Sefton is keen to acknowledge that the oil and mining industries have made mistakes, and that the bad projects have given the whole industry a bad name. His analysis of the protest movement (some tangata whenua, local residents and  environmentalists) is that the miners who call us hypocrites for driving cars have a fair point. This argument is always popular; if the society has failed to create sustainable accessible technology, the individual who is not living a perfect green life should have no voice. How dare we drive a car to a meeting about creating a better future when there is no bus? I find this logic tiresome and shallow because it ignores the need for collective decisions and leadership by Governments and also the reality that the oil industry in particular have been powerful barriers to the changes we need in moving from fossil fuels to clean energy.

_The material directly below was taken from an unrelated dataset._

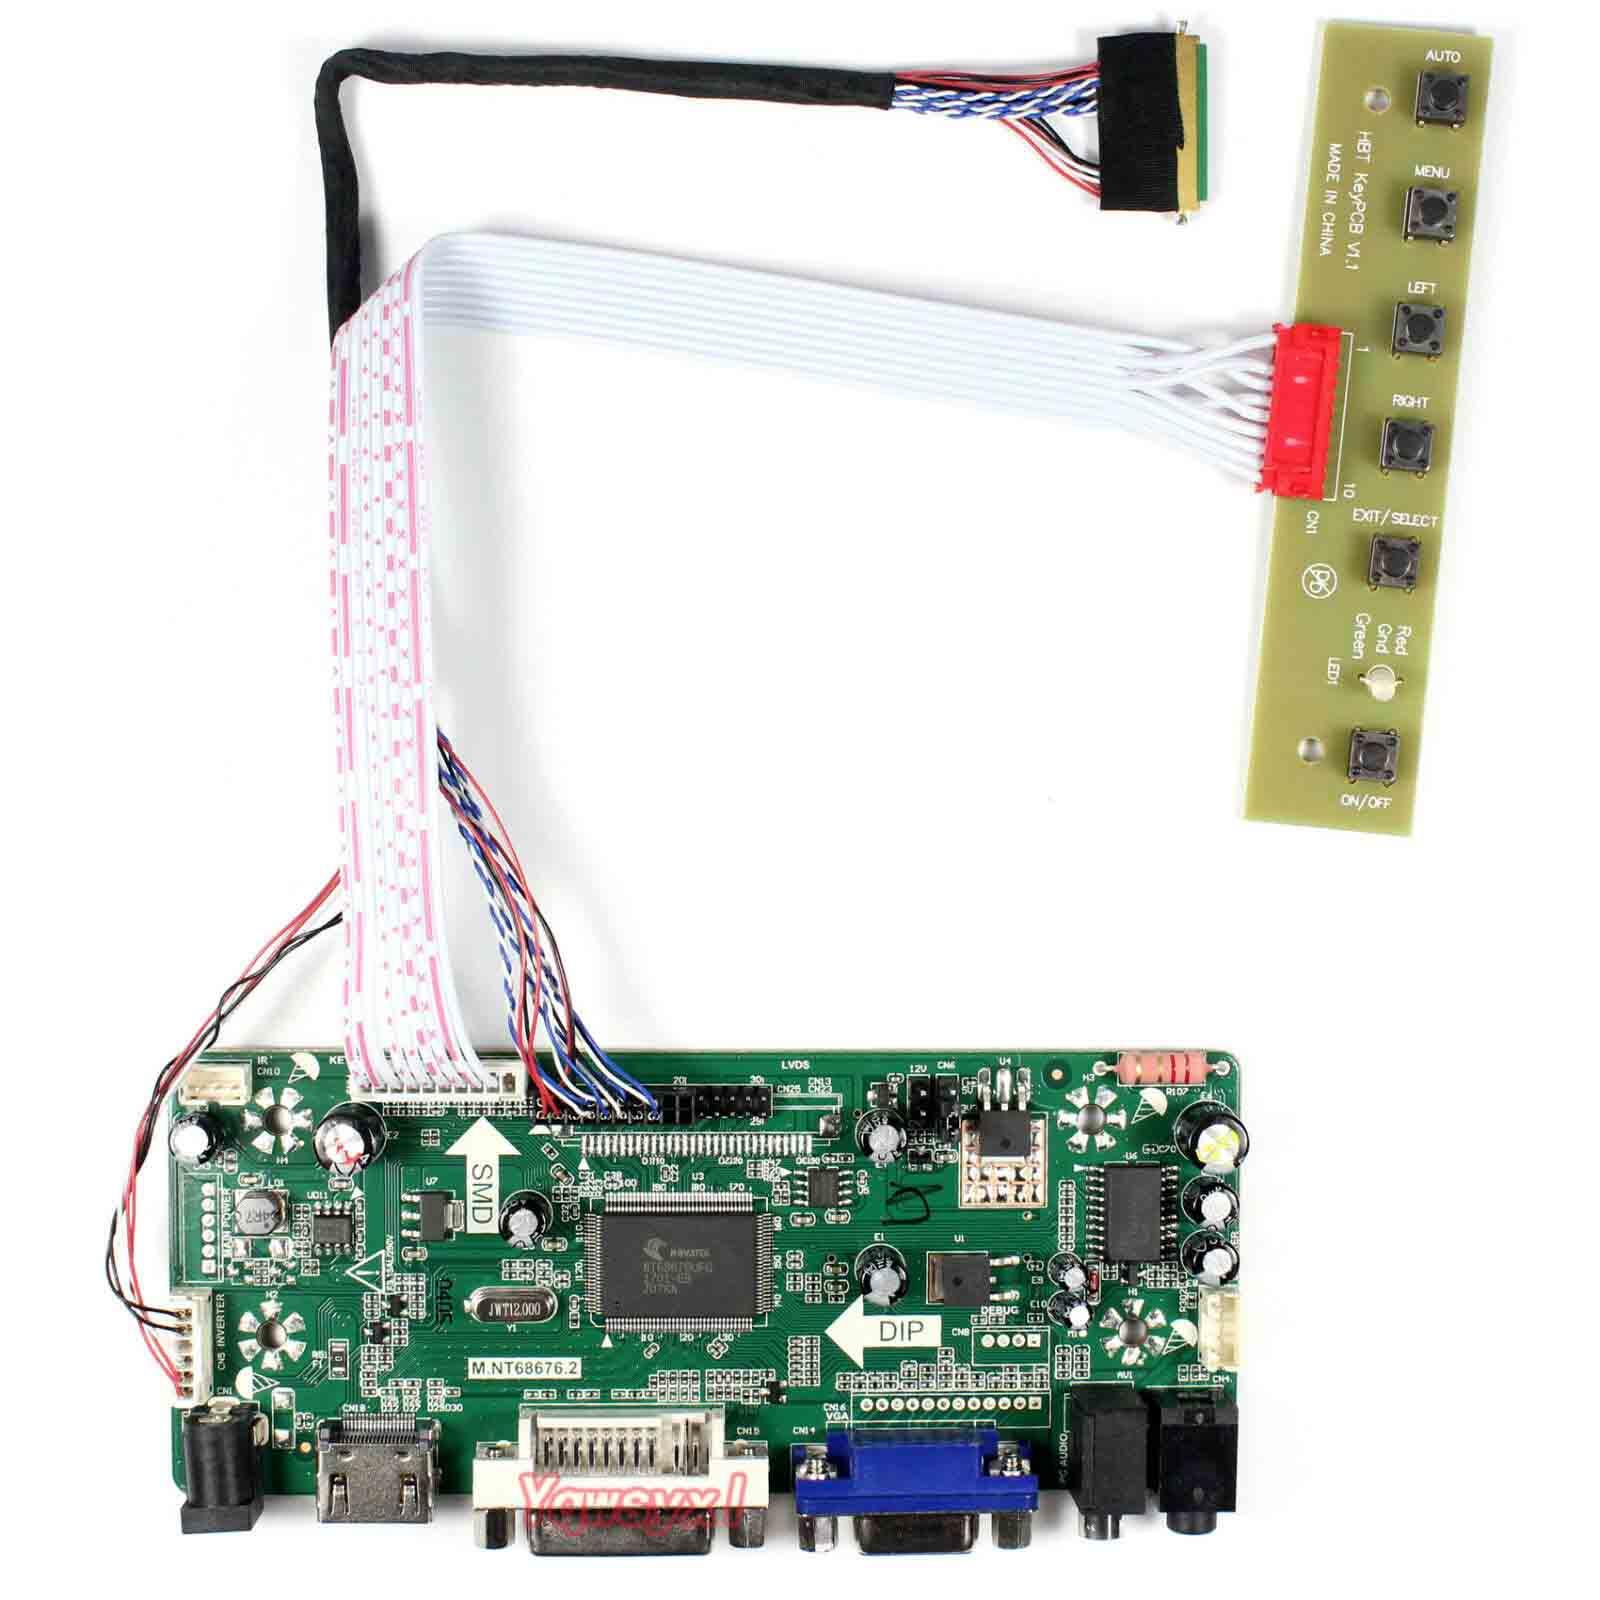 Yqwsyxl Control Board Monitor Kit For N156BGE-L21  HDMI + DVI + VGA LCD LED  Screen Controller Board Driver

The amounts of oil money made out of the suffering of communities like the Ogoni people in Nigeria are obscene. It was logical for Shell to be OK with the hanging of Ogoni leader Ken Saro-wiwa, because profit has a logic all of its own. Sefton Darby makes the claim that smaller mining companies are often the worst. He ignores the catastrophic impacts of Newmont Gold, the company he worked for, in Ghana, Peru, Indonesia and Nevada, and their listing as one of the top dirtiest mining companies in the world by monitors of corporate behaviour. The extraordinary courage of a Peruvian woman in resisting Newmont has made Maxima Acuna de Chaupe, a Goldman Prize winner and a global hero, but I guess Sefton has never heard of her. He ignores the horrific environmental and social impacts of mining companies like Rio Tinto and Freeport McMoran in countries like West Papua where sovereignty has been lost due to the power of the industry.

Strong on Rhetoric, But…

The claim that there is a broad spectrum of oil, gas and mining companies in terms of good and bad behaviour is not convincing. It may look like this from the inside but from the outside after 38 years of dealing with different companies this is far from apparent. The companies are as good as the law and the monitoring (which is grossly underfunded at regional levels) allow them to be. The monitoring is often carried out by the companies themselves who report results to consenting authorities.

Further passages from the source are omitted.